In this, Yang is obviously acting in self interest, which isn’t to say that he doesn’t care about the conspiracy, but it’s not his primary motivation. His opposing number, Kim Na-ri (Lee Honey), is perhaps much the same, a victim of her upbringing but increasingly conflicted. Brought up by a right-wing, ultra-capitalist professor who is good friends with former prime minister Lee Gwang-ju (Lee Kyoung-young) now working on the Daehan bank sale, Na-ri tells herself she’s acting in the national interest in her desire to set up her own international trade law firm to prevent Korea being taken advantage of by bigger foreign economic powers and in particular the Americans. Despite her law background, what Na-ri has mainly found herself doing is more like PR, finding palatable ways forward to make sure the deal goes through on favourable terms despite the already widespread public outcry.

Surprisingly, Na-ri and Yang end up bonding over the course of the investigation, discovering they have more in common than either might have assumed. Given the kind of evidence that Yang is digging up which points to a wide scale conspiracy involving complex fraud and murder, Na-ri finds herself conflicted.

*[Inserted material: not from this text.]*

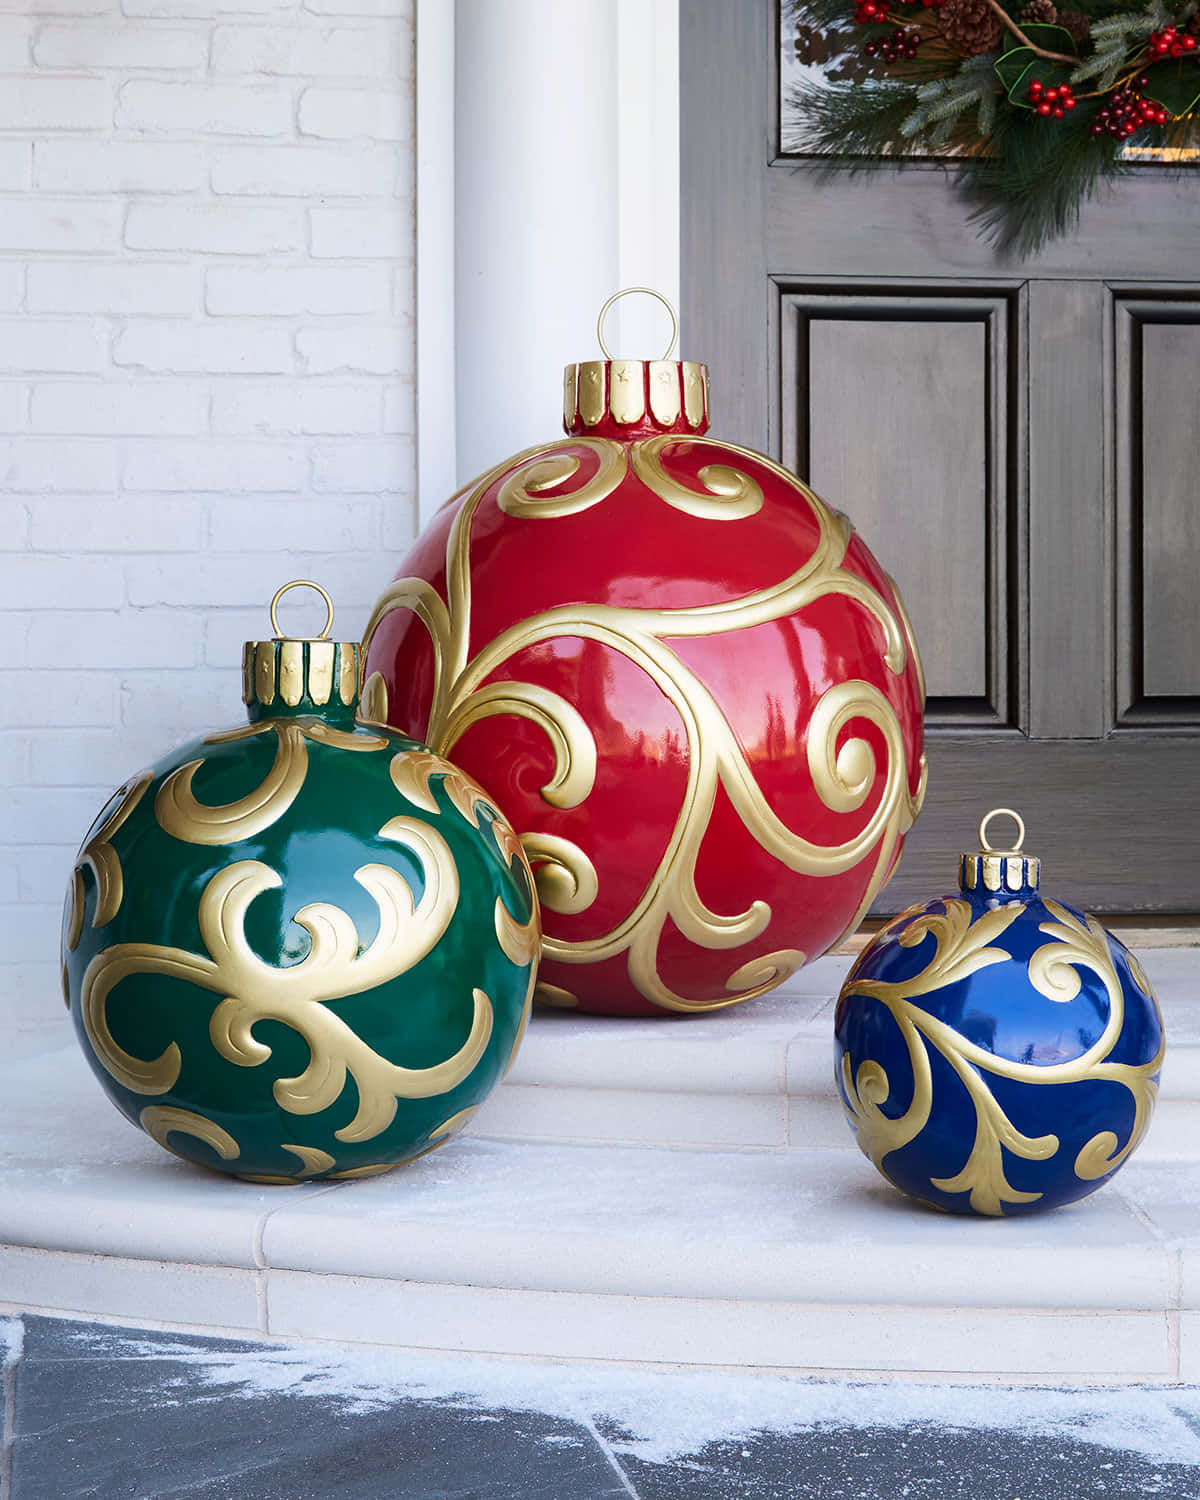 Captivating Christmas Ornaments Displayed in Celebration

Maybe she isn’t quite as committed to ultra-capitalism as her father is, giving Lee’s speech at the Davos conference the heart-warming title of “free trade with a human face” which apparently went down very well with the audience. Whatever else she is, she’s a lawyer, and the kind of lawyer who doesn’t really like it when people break the law, so she’d rather not think that she’s been party to criminality without ever realising. Lee, meanwhile, uses their familial closeness against her, adopting a sleazy kind of sexist paternalism as he brushes off her concerns as if telling her not to worry her pretty little head about it while tacitly admitting what he’s up to isn’t quite right but is justifiable because the economy must be protected at all costs. 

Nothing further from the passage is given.